Через реку Буранку был переброшен жиденький пешеходный мостик из досок на тонких сваях. На мостике, свесив голые ноги, рядком сидели с удочками ребятишки — все, как один, загорелые, друг на друга похожие. Если ребятишкам надоедало таскать рыбью мелочь, они, как по команде, кидались в воду, бултыхались там, крича и взвизгивая. Поодаль купались девочки. Вся эта ребятня находилась в том возрасте, когда девчонки для мальчишек — ну, просто нестерпимая обуза.

Михаил Петрович перешел по мостику на тот берег и зашагал по тропинке, что густо заросла мелколистым подорожником, петляла меж тополями да вязами, опасливо огибала дремучие заросли шиповника вперемежку с терном. Шиповник уже поспевал, и его кусты были густо усеяны красными кувшинчиками плодов. Матовой сединой отливали ягоды терна.

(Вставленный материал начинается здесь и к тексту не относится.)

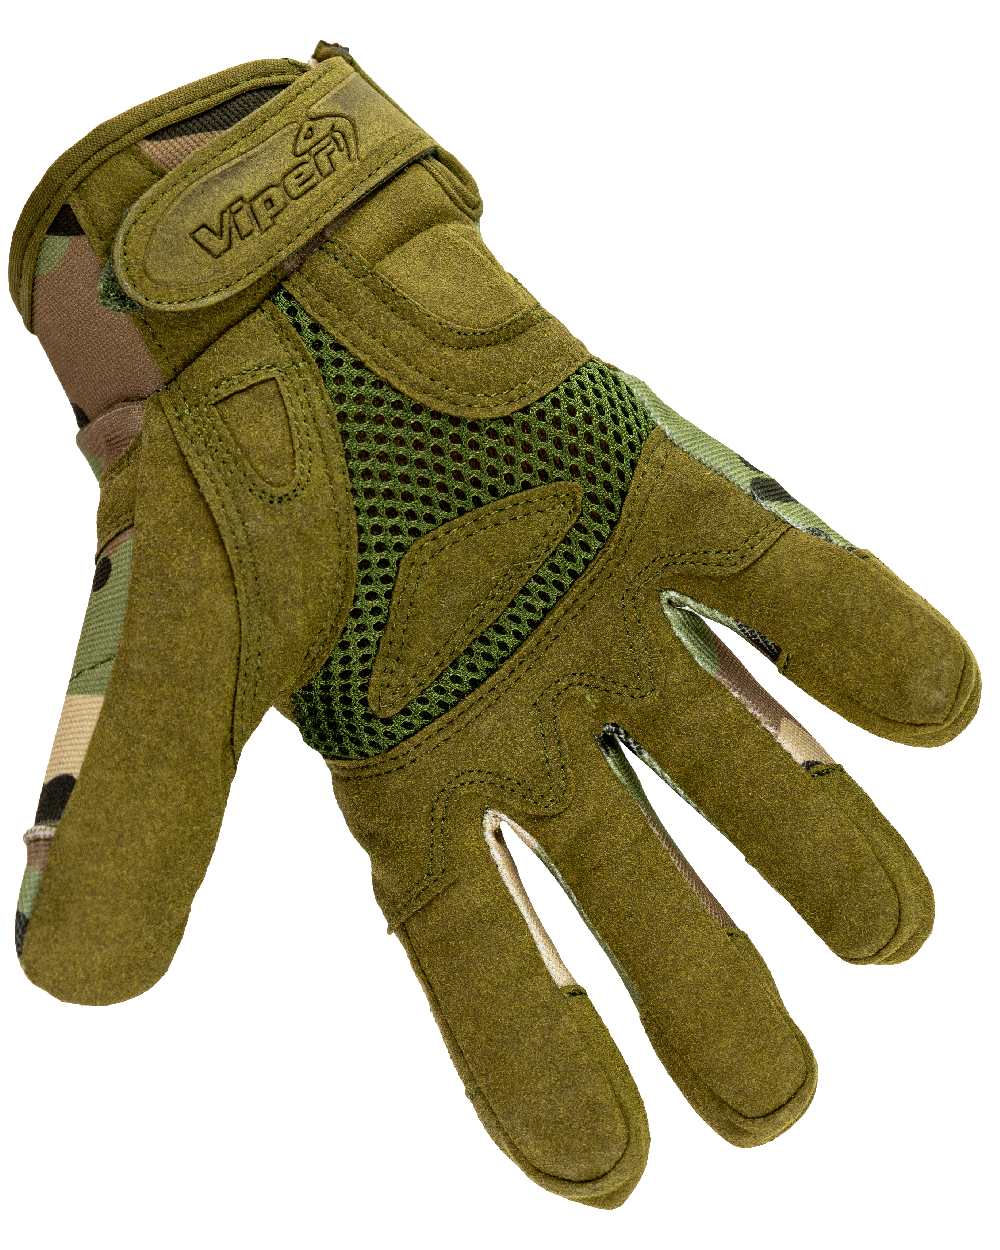 Viper Elite Gloves in VCAM

В этом прибрежном лесу было тихо, прохладно, пахло грибами и прелой прошлогодней листвой. Деревья стояли зеленые, могучие в своем летнем наряде. Но кое-где сквозь зелень уже просвечивал багрянец — предвестник той поры, когда все здесь переменится...

Тропинка вывела Михаила Петровича на широкую поляну, где солидно и прочно стояли приземистые стога сена с корягами на вершинах. Меж стогами, на пригорке, росла нарядная, красивая береза. Со всех сторон ее плотным кольцом окружил кустарник, и доктору показалось, что кустарник как бы охраняет красавицу, чтобы не продрался с ней кто-то посторонний, чтобы косари в сенокос не поранили случайно ее белое тело.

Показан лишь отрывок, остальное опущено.